The substance that gives ginger its flavour appears to inhibit the growth of human colorectal cancer cells, according to research presented yesterday at a major meeting of cancer experts in the US.
Researchers from the University of Minnesota's Hormel Institute said that they found slower rates of cancer growth in mice without an immune system who were fed [6]-gingerol - the main active component of ginger and the one that gives it its flavour - three times a week.
Research associate professor Ann Bode explained that plants of the ginger family have previously been credited with therapeutic and preventive powers and have been reported to have anti-cancer activity.
The researchers tested [6]-gingerol's powers by feeding a half milligram to 20 mice three times a week before and after injecting human colorectal tumour cells into their flanks. Control mice were treated the same, except their food contained no [6]-gingerol.
Tumours were allowed to grow until they reached a size of one cubic centimeter (0.06 cubic inch), after which the mice were euthanised. The mice, known as athymic nude mice, provide a living-body environment in which tumours can grow without interference from an immune system.

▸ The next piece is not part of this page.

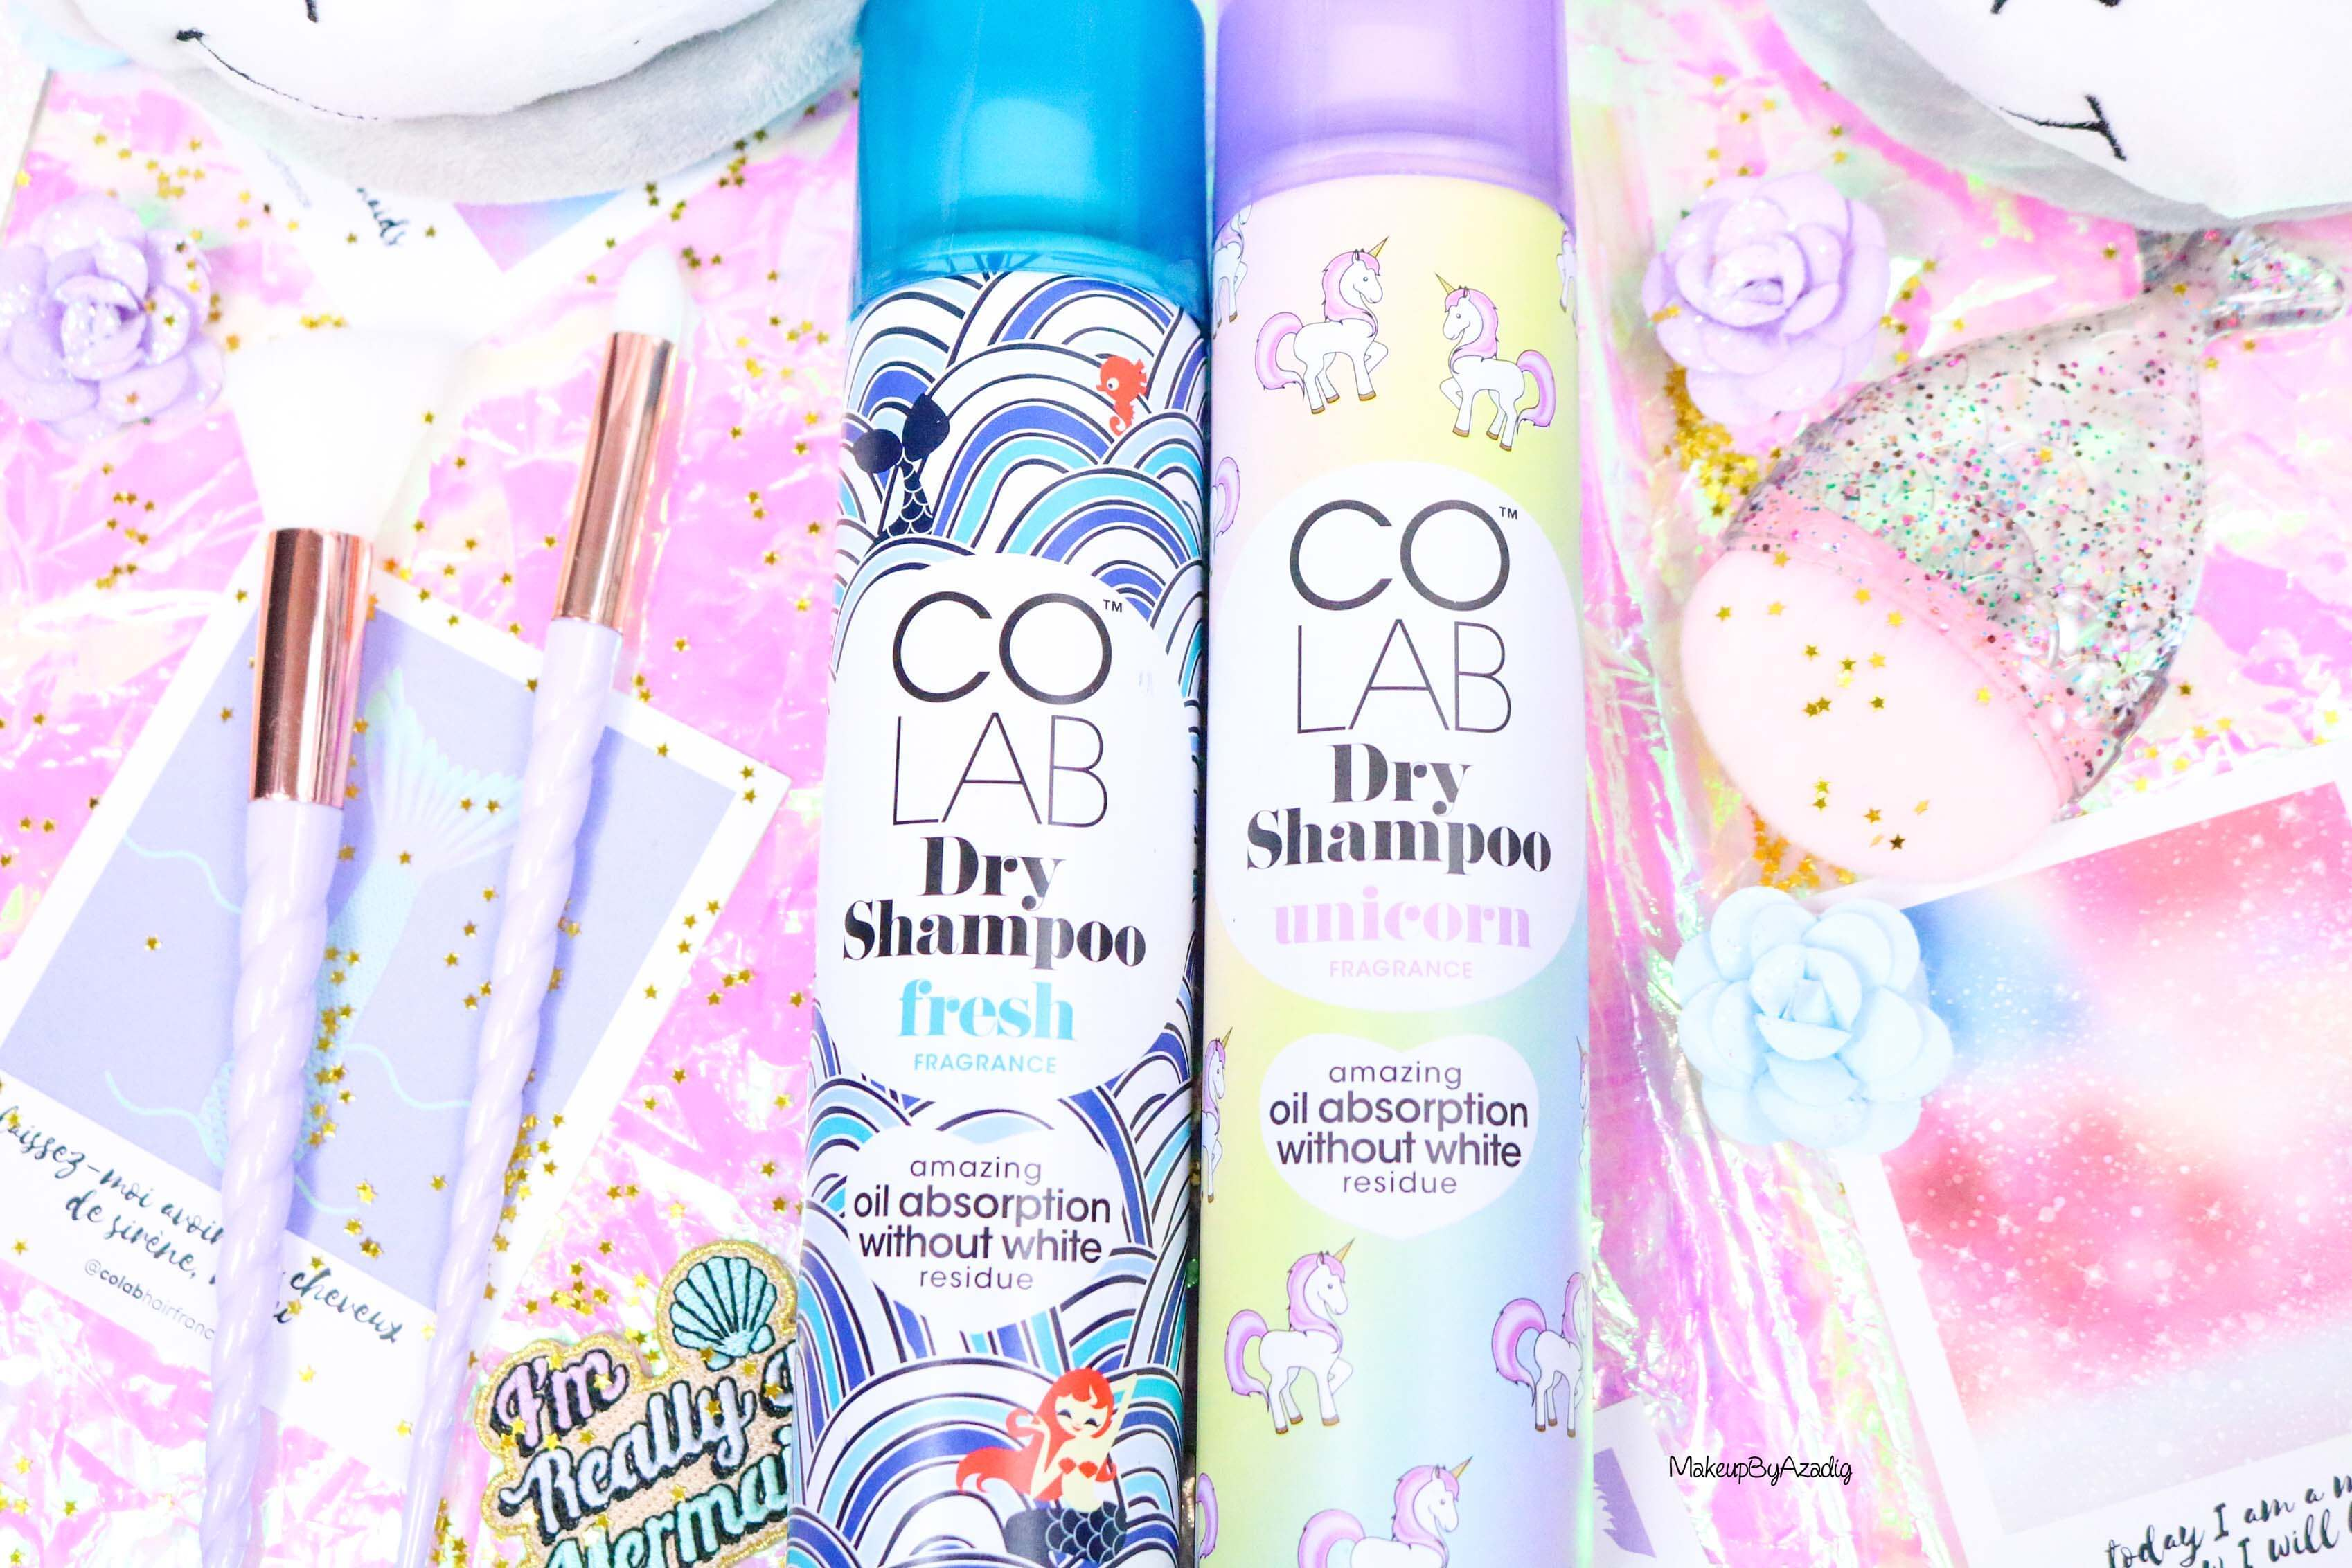 revue-shampooing-sec-colab-batiste-fresh-unicorn-monoprix-feelunique-prix-avis--soin-capillaire-efficacite-makeupbyazadig-zoom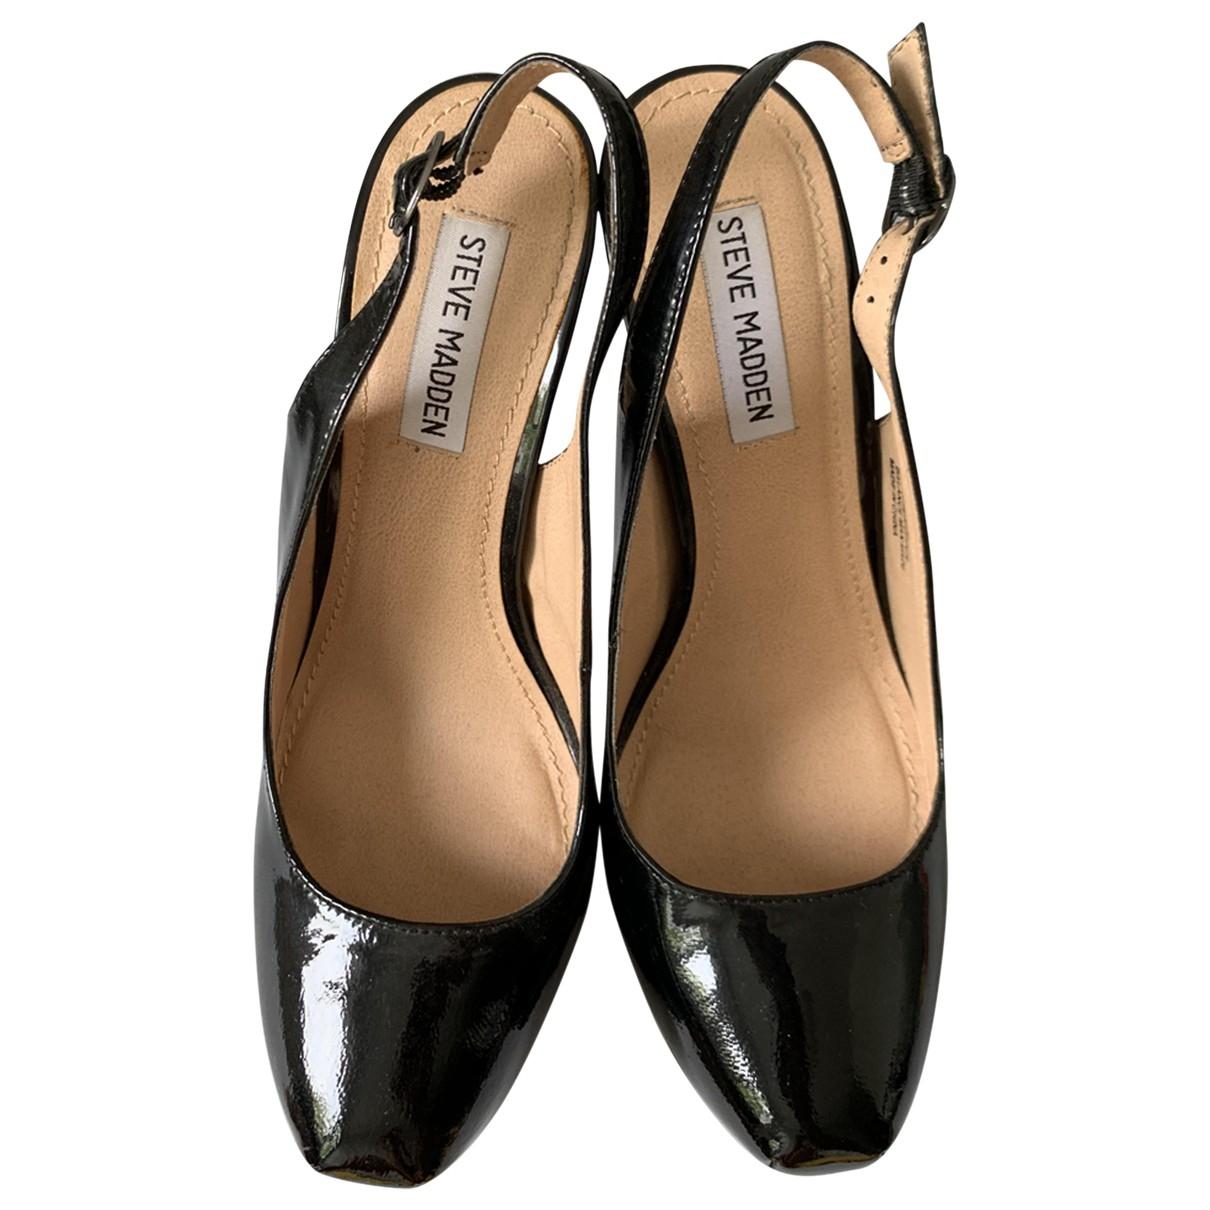 Steve Madden \N Black Patent leather Heels for Women 9.5 US

The first tumours appeared 15 days after the cells were injected - 13 among the control mice and four among the [6]-gingerol-treated mice. The [6]-gingerol mice also had on average smaller tumours than the other group.
Even at day 38, one mice in the [6]-gingerol group still had no measurable tumours. At the 49th day following injection, all control mice had been euthanised due to tumour sizes of one cubic centimeter. In contrast, 12 of the 20 [6]-gingerol mice were still alive on that day, and their average tumour size was about 0.5 cubic centimeter, or half the maximum allowable size.
"These results strongly suggest that ginger compounds may be effective chemopreventive and/or chemotherapeutic agents for colorectal carcinomas," said Bode. She added that because mice were not allowed to live with tumours bigger than one cubic centimeter, "it's difficult to know if the ginger-treated mice would have lived longer if left to die of their tumours, but it looks that way."
Preliminary results also suggested that tumours in the control mice had spread, or metastasised, more than tumours in the [6]-gingerol mice, but whether a significant difference actually exists remains to be verified, Bode said.
In these experiments, mice were fed ginger before and after tumour cells were administered. In their next round of experiments, the researchers plan to feed ginger to mice only after they have grown tumours to a certain size.
"The new experiments should be more clinically relevant. They will get at the question of whether a patient could eat ginger to slow the metast of a nonoperable tumour," said Bode.
The University of Minnesota has applied for a patent on the use of [6]-gingerol as an anti-cancer agent, and the technology has been licensed to Pediatric Pharmaceuticals (Iselin, N.J.) The work was supported by the Hormel Foundation and Pediatric Pharmaceuticals.
The work was discussed at the Frontiers in Cancer Prevention Research, a meeting of the American Association for Cancer Research currently taking place in Phoenix, USA.